• 1 January 1982
    • journal article
    • research article
    • Vol. 34  (4) , 658-671
Abstract
Familial factors were evaluated in deaths from all causes before age 62 among the 31,848 white male twin veterans who were followed during 1946-1978 through the National Academy of Sciences-National Research Council Twin Registry. Data is reported for this group on twin concordances and heritabilities of cancer recorded on the death certificate as an underlying or associated cause. The study subjects have a mortality from cancer 0.88 times, and one from all causes 0.84 times, that of USA white males, but this is very similar to the mortality of other USA veterans. Among 11,350 monozygotic (MZ) and 14,450 dizygotic (DZ) individuals in twin pairs alive on Jan. 1, 1946, 1162 MZ and 1646 DZ individuals died before Jan. 1, 1979. Cancer was diagnosed for 223 MZ and 323 DZ twins as an underlying or associated cause of death.
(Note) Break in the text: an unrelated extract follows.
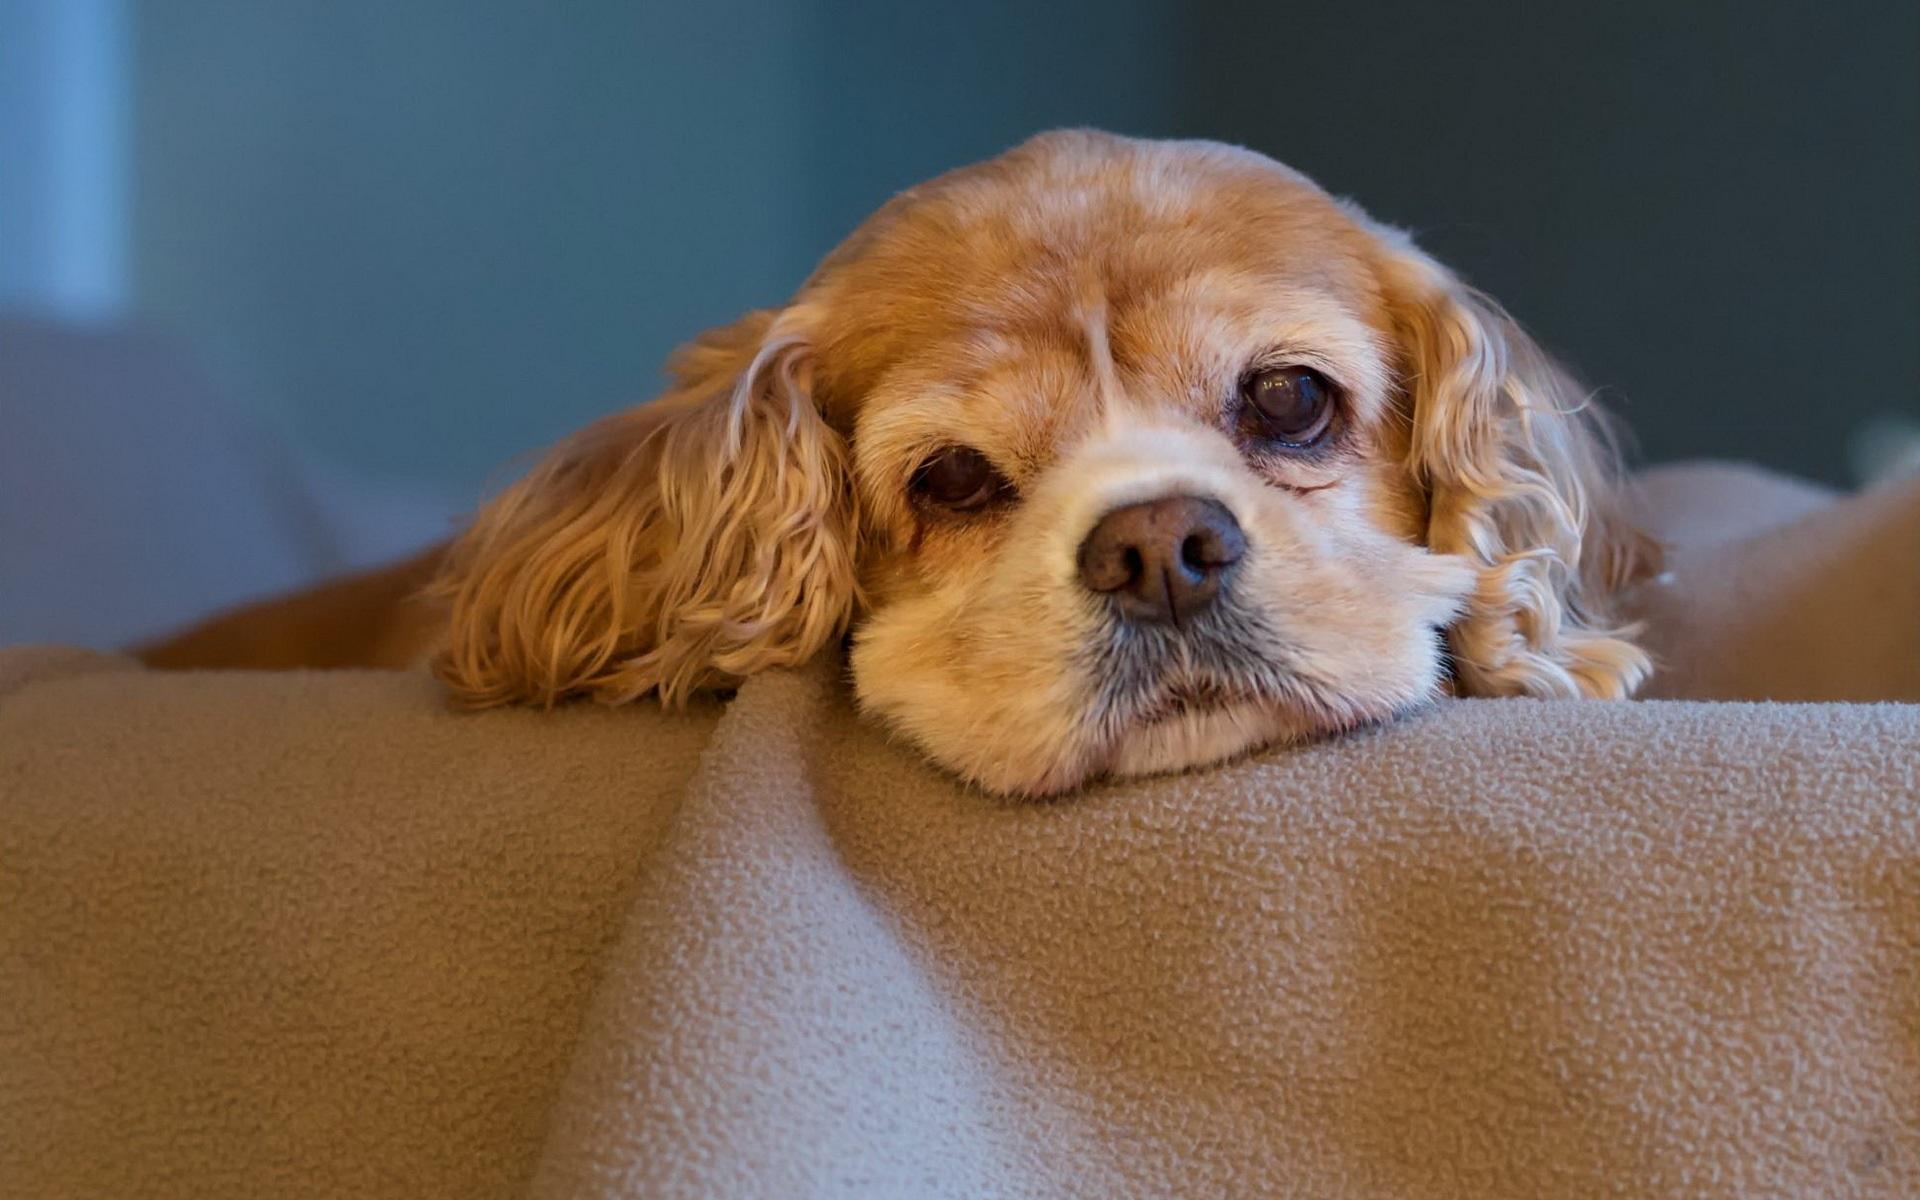 Papéis de Parede Cão bonito olhar no quarto 1920x1200 HD imagem 1d7f42330e

Among the latter were 176 MZ and 274 DZ pairs with the only death in the pair a cancer death, 10 MZ and 8 DZ pairs concordant for cancer, and 12 MZ and 14 DZ pairs in which the 1st death in the pair from cancer was followed by death of the other twin from another cause. When account is taken of the 3 MZ and 2 DZ pairs concordant for lung cancer, most likely related to cigarette smoking, the twin cancer death concordance rates are very low, and they are not appreciably different between the 2 zygosity groups. Genetic factors may be important in some specific forms of cancer. However, genetic factors and early familial environment, generally shared by twin-pair members, apparently do not contribute much to mortality from most cancers between 30 and 60 yr of age.